Robbins chronicles the ups and downs of Milarch's efforts. One of his major successes was finding and cloning ancient sequoias in an unusually dry region of central California, under conditions that global warming may well replicate elsewhere. 

But Robbins also writes about trees themselves, their barely understood wonders and the ways in which they nurture the planet. He writes with clear objectivity but in a more complete way that mirrors the combination of standard and frontier science and the so-called mysticism in Milarch's world. Even scientists admit we know dangerously little about the trees and forests we've been relentlessly destroying. But Milarch's quest is not some feel-good exercise. He and others involved realize that planting the right trees in the right places is crucial.

Along the way Robbins updates the exploits of Michael Taylor, the HSU grad who, while working at Radio Shack in Arcata, discovered several of the largest redwoods in the world in the Jedediah Smith Redwood State Park, together with HSU forestry and wildlands professor Steve Sillett. Taylor (who moved to Hyampom, an isolated town of 261 people in Trinity County) expanded his search for champion trees to other species and countries, searching for them partly by intuition. His incredible record improved even more when he teamed up with Milarch. "When I travel with David Milarch, we really find trees. It's beyond coincidence," he said.
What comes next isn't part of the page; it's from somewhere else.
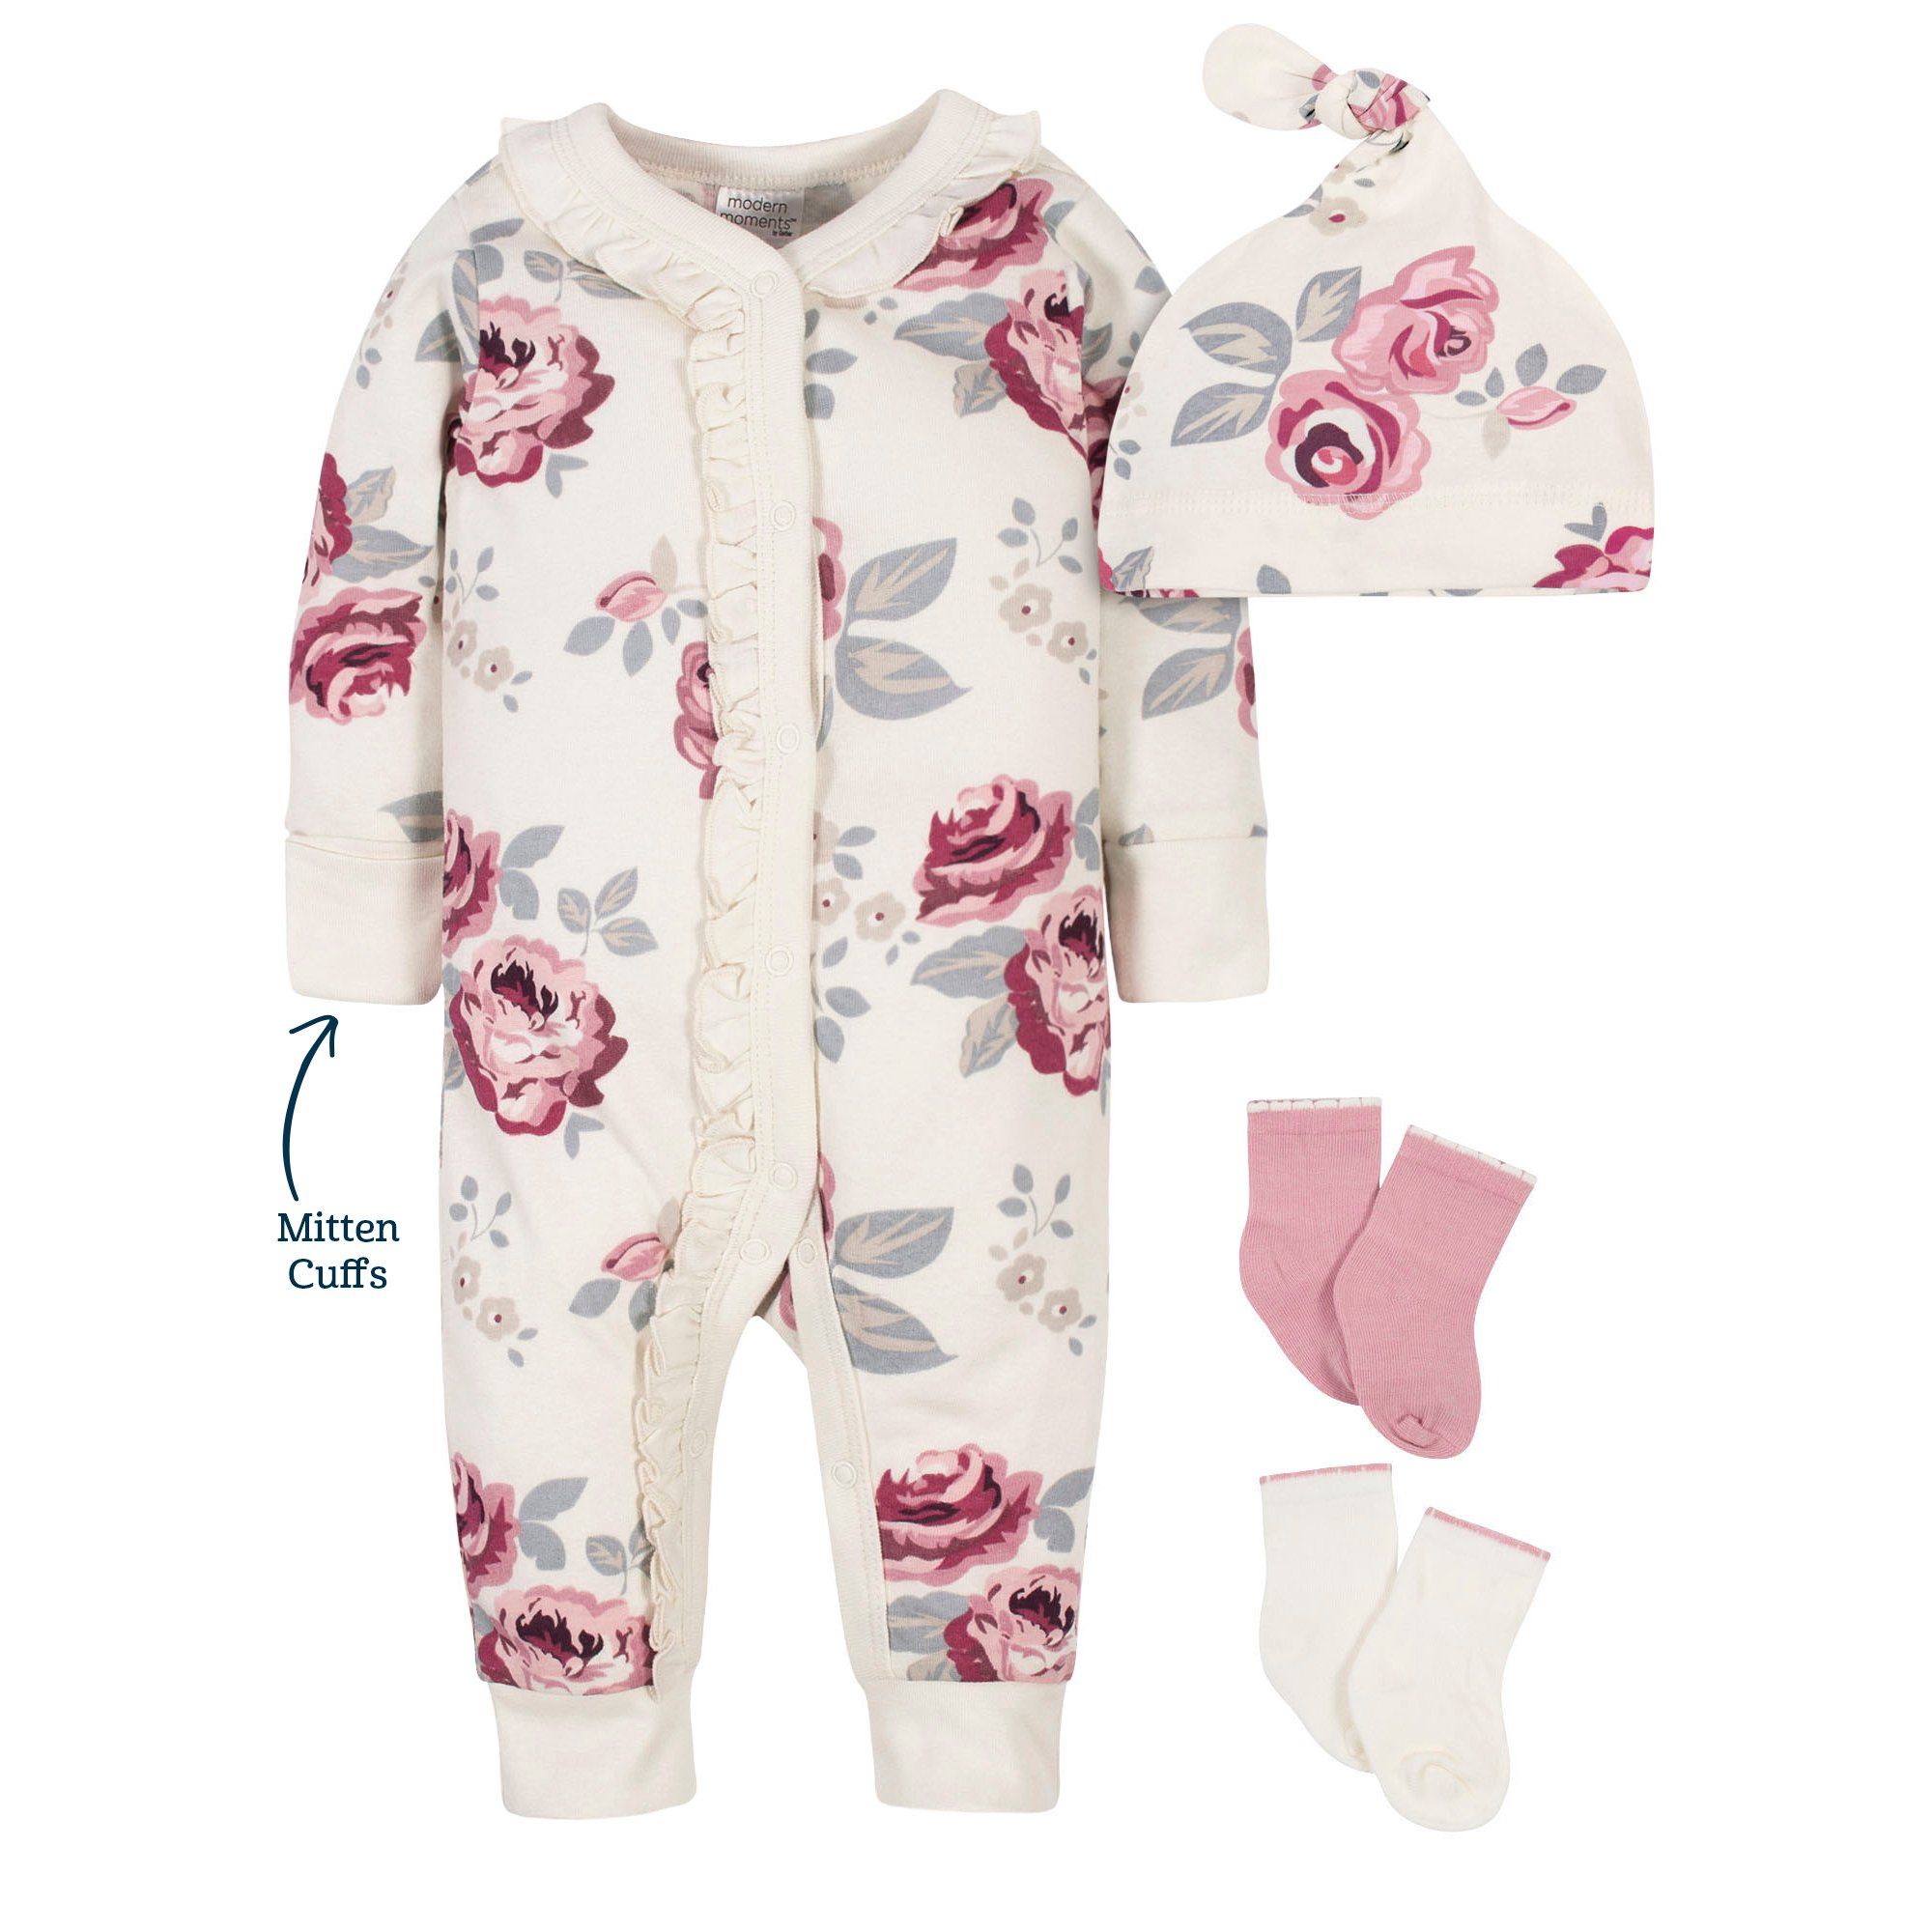 Modern Moments by Gerber Baby Girl Coverall, Cap and Socks Set, 4-Piece | Walmart (US)

But Taylor helped Milarch most by finding champion stumps on private land, where only the owner's permission is required to obtain the cuttings to clone, eliminating a lot of government red tape. They started with the immense Fieldbrook Stump just outside Redwood State Park. From the stump and the redwood already growing out of it they hoped to grow hundreds and then thousands of copies. "We can use this tree as a symbol of the reforestation of the world," Milarch said. "This stump is back from the dead, same as I am."